In determining whether a derivative finding of neglect is warranted, we assess whether the evidence of the prior finding “ ‘demonstrates such an impaired level of parental judgment as to create a substantial risk of harm for any child in [that parent’s] care’ ” (Matter of Tiffany AA., 268 AD2d 818, 819-820, quoting Matter of Vincent M., 193 AD2d 398, 404). “[W]here ‘the nature of the direct abuse, notably its duration [and] the circumstances surrounding its commission * * * evidence [s] fundamental flaws in the respondent’s understanding of the duties of parenthood’ ” (Matter of Tiffany AA., supra at 820, quoting Matter of Amanda LL., 195 AD2d 708, 709), the derivative finding may be justified if the prior finding was so proximate in time to the derivative proceeding, that “ ‘ “it can reasonably be concluded that the condition still exists” ’ ” (Matter of Tiffany AA., supra at 820, quoting Matter of James HH., 234 AD2d 783, 784, lv denied 89 NY2d 812, quoting Matter of Cruz, 121 AD2d 901, 902-903). And where, as here, respondent’s mental condition is the gravamen of the prior finding, “proof of ongoing mental illness, along with the failure to engage in * * * treatment, which results in a parent’s inability to care for his or her children in the foreseeable future, provides a basis for a finding of neglect” (Matter of Jesse DD., 223 AD2d 929, 931-932, lv denied 88 NY2d 803).

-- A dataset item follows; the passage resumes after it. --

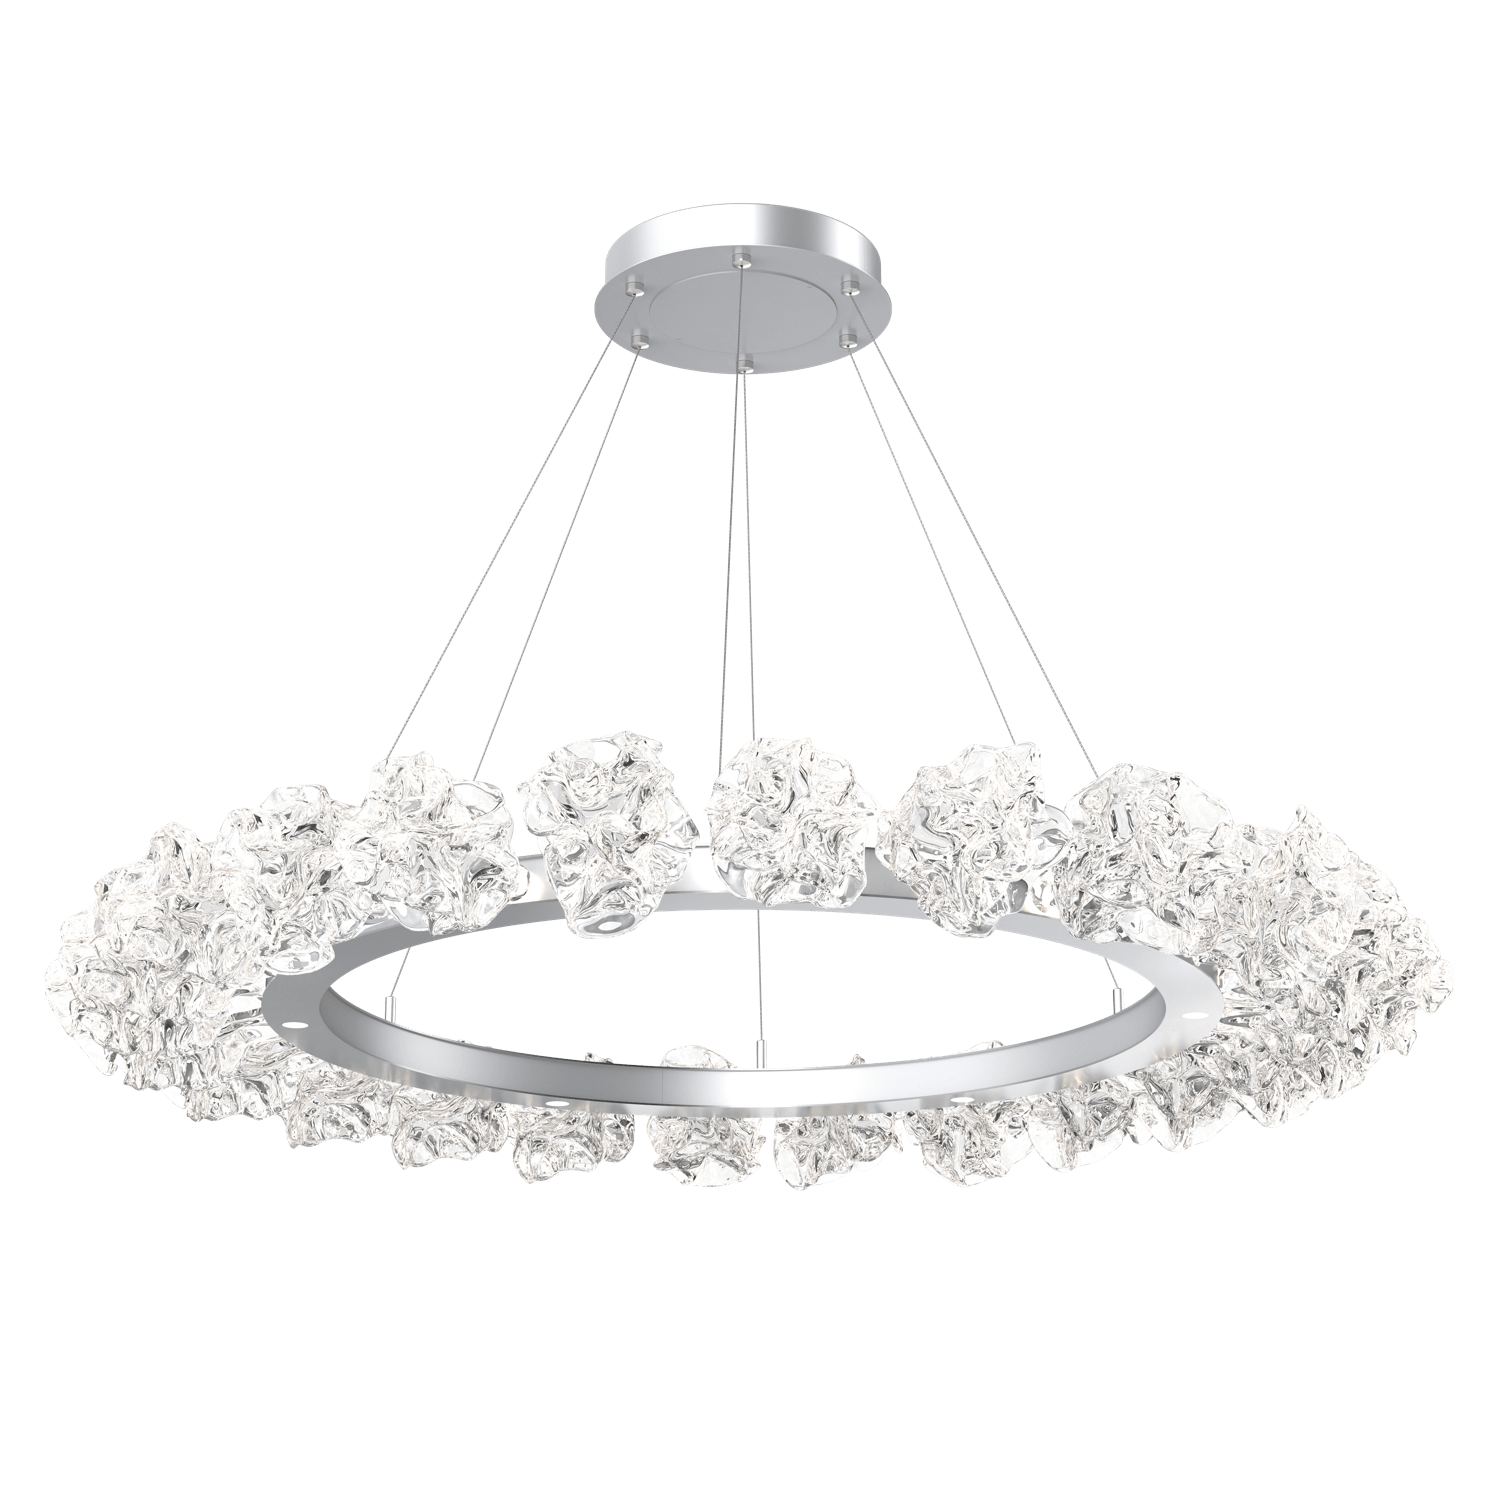 CHB0059-50-CS-Hammerton-Studio-Blossom-50-inch-radial-ring-chandelier-with-classic-silver-finish-and-clear-handblown-crystal-glass-shades-and-LED-lamping

The quantum of evidence supporting the prior petition regarding Nathaniel was substantial. During seven of the nine months of respondent’s pregnancy with Hannah, she remained on an impaired course of parental judgment such that there *945existed a substantial risk of harm for any child left in her care. It was the totality of this evidence which prompted the filing of the petition regarding Hannah upon her birth. The changes made by respondent immediately prior thereto in committing to therapy and the other services offered by respondent, while laudable, were evidence for a mere eight weeks prior to Hannah’s birth. It is for these reasons that we find Family Court to have correctly concluded that summary judgment was warranted.

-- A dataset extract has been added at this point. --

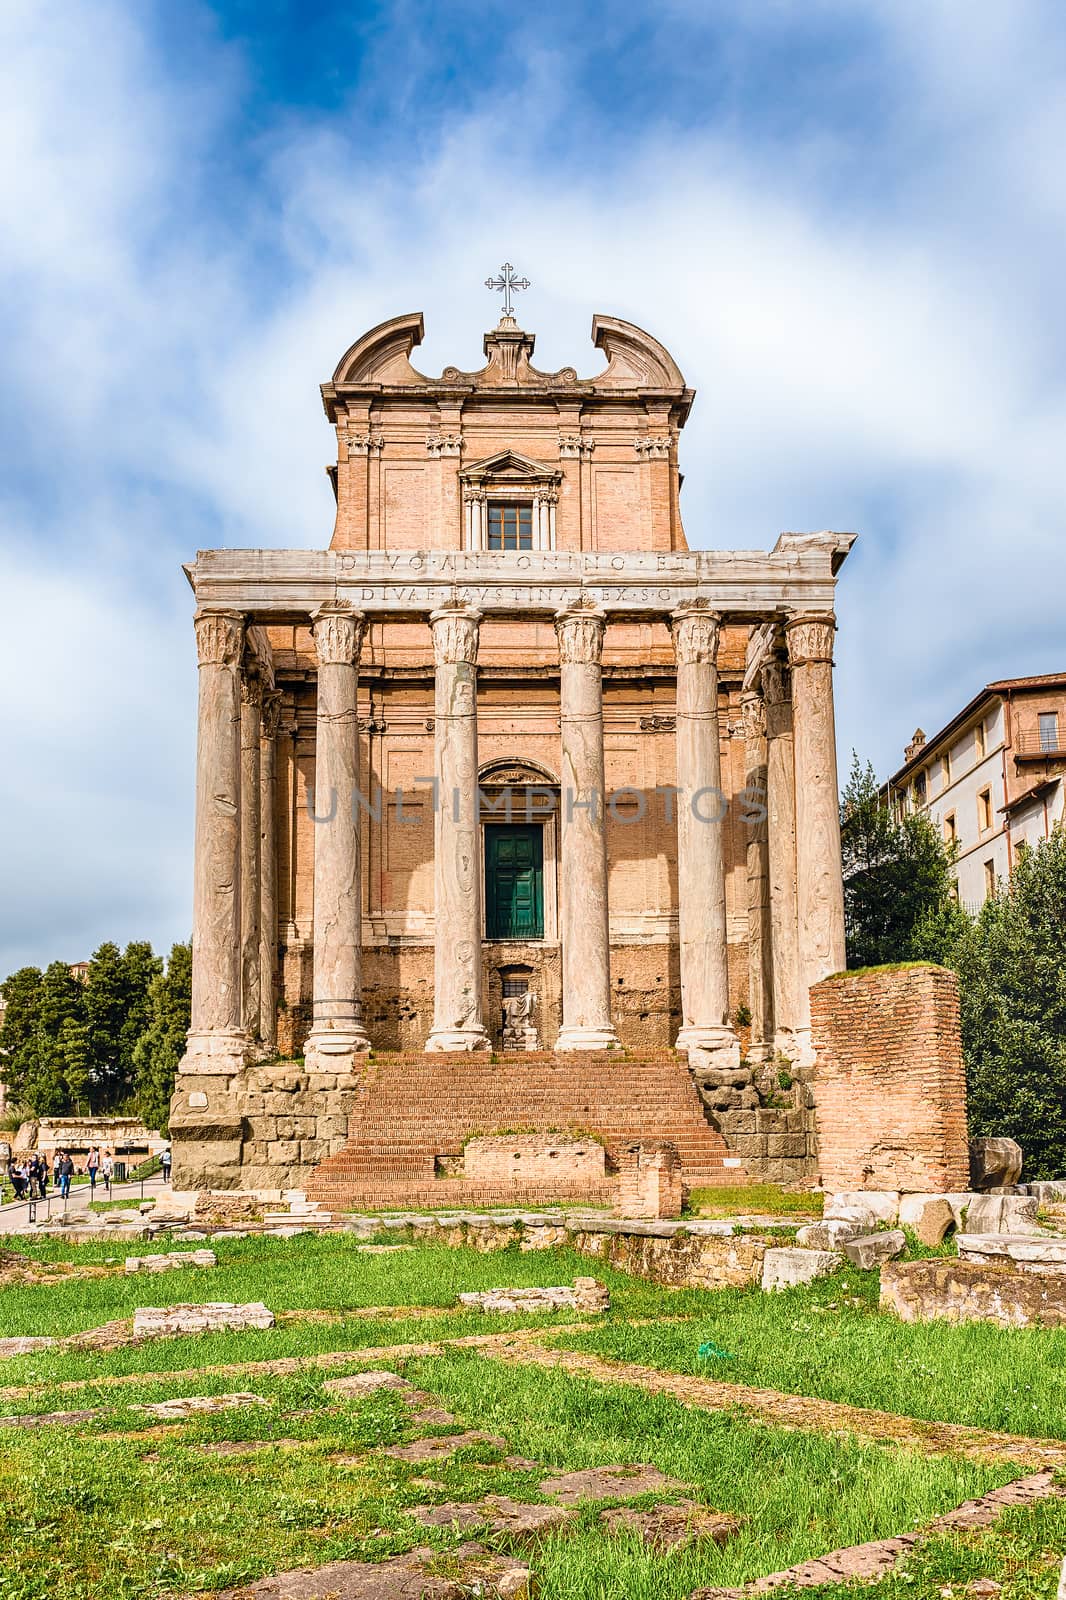 Ruins of the Temple of Antoninus and Faustina in Rome, Italy by marcorubino

Cardona, P.J., Crew III, Mugglin and Lahtinen, JJ., concur. Ordered that the order is affirmed, without costs.
. At the dispositional hearing, custody was ordered to remain with respondent while the temporary orders of protection and supervision were made permanent for one year. Additional terms and conditions regarding medical and psychiatric treatment for respondent and the child were further detailed.
. Such progress notes indicate that respondent’s obstetrician had requested that she be evaluated for postpartum depression in connection with' her birth of Hannah since she had this problem in connection with her prior pregnancy and the doctor wanted to prevent a reoccurrence.